Work instruction »
For the data below, give again exactly the lines from the one containing "85f383c84dd BomHCS Funny" through the one containing "The Flower Shop", both ends included, and no others.

Material for this exercise »
□ □ □ □ □ □ □

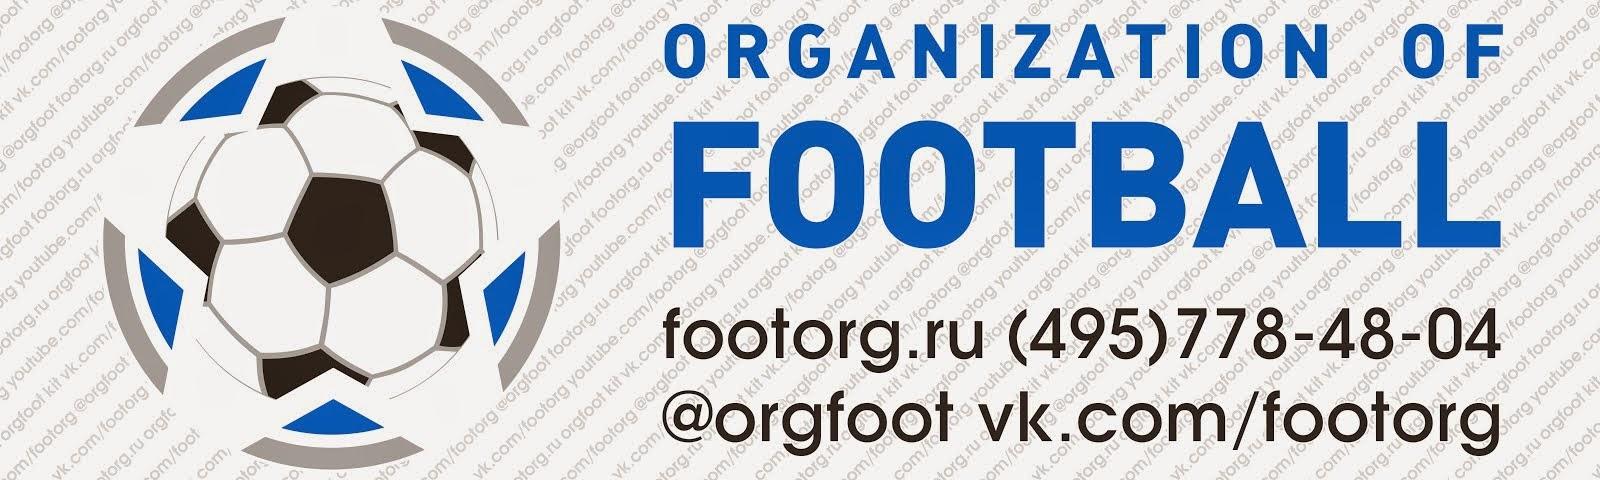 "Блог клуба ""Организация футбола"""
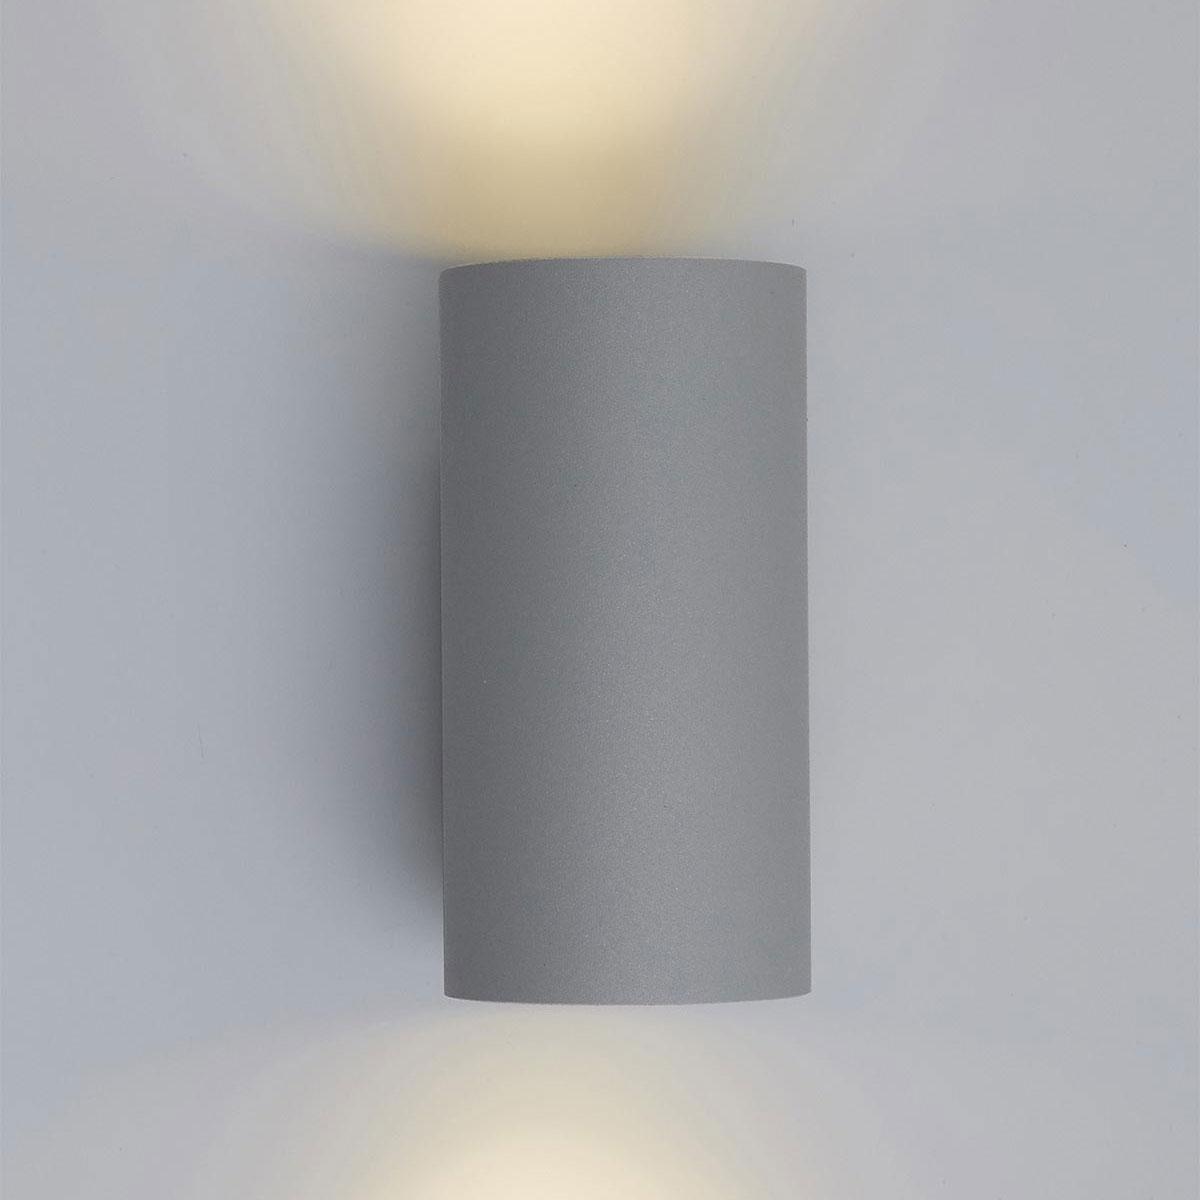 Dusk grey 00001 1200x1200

□ □ □ □ □ □ □

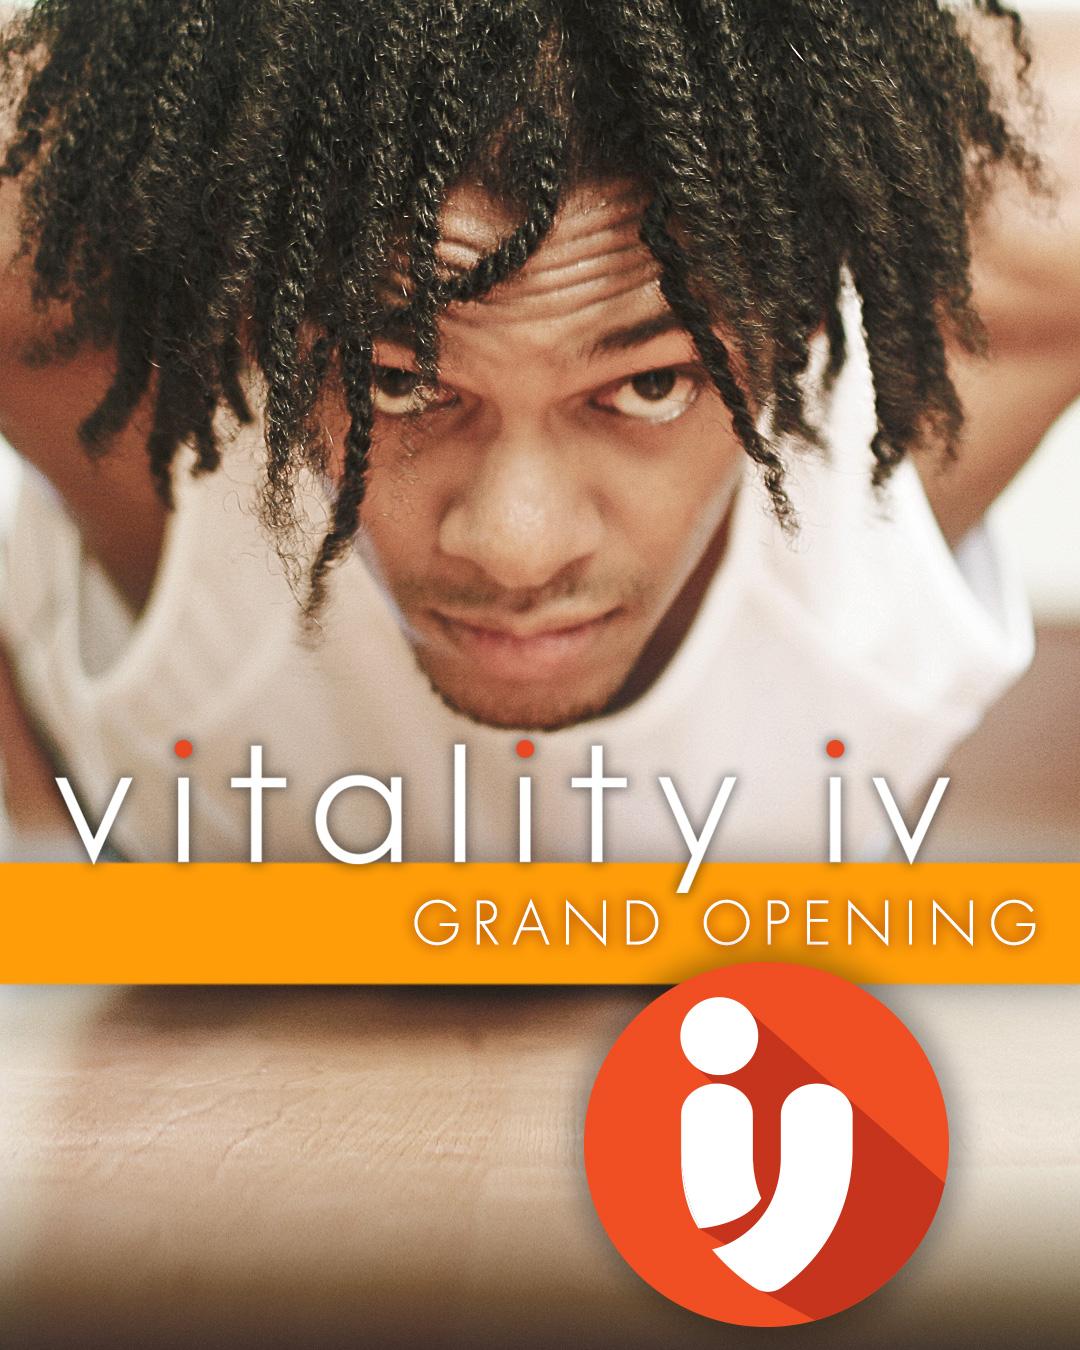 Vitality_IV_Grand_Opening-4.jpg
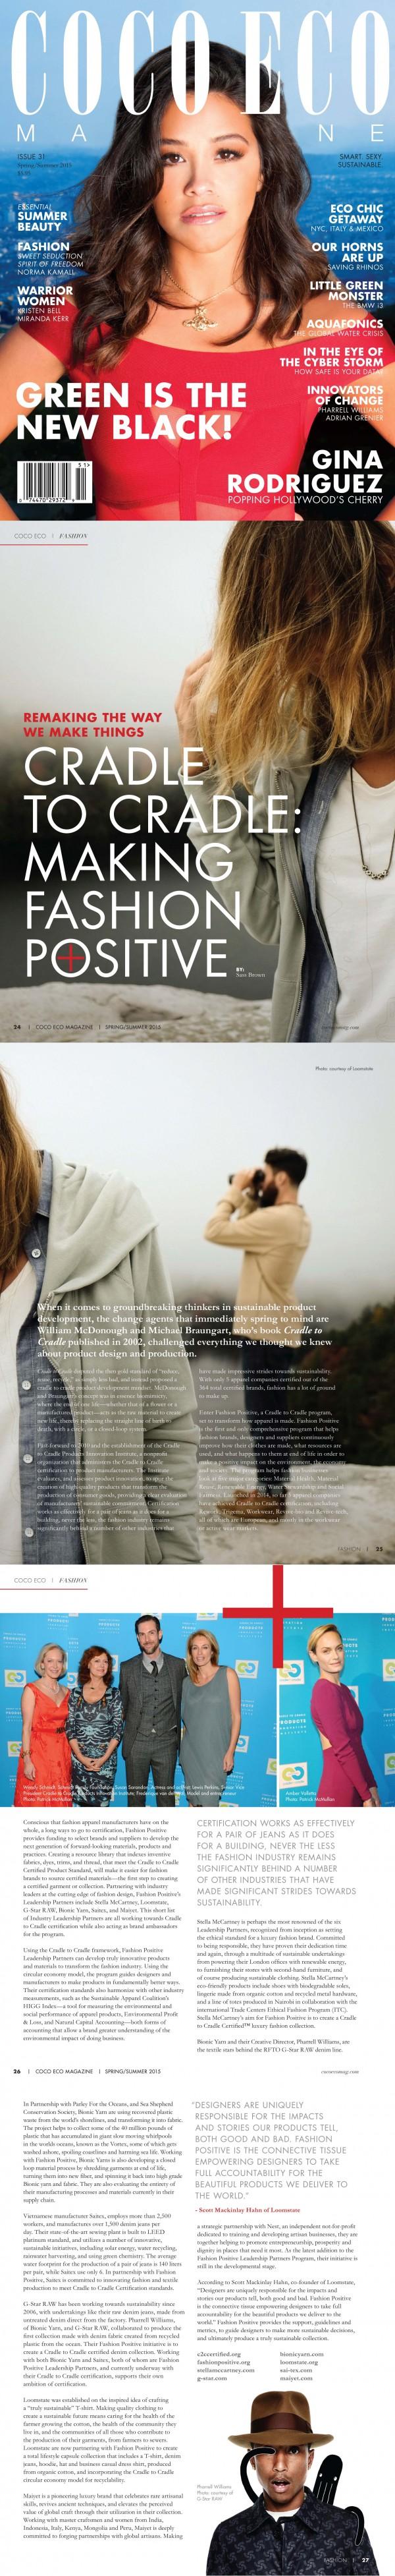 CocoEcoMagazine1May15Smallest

□ □ □ □ □ □ □

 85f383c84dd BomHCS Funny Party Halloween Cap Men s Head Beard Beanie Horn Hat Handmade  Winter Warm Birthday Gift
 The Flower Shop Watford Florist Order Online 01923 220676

□ □ □ □ □ □ □

Task answer »
 85f383c84dd BomHCS Funny Party Halloween Cap Men s Head Beard Beanie Horn Hat Handmade  Winter Warm Birthday Gift
 The Flower Shop Watford Florist Order Online 01923 220676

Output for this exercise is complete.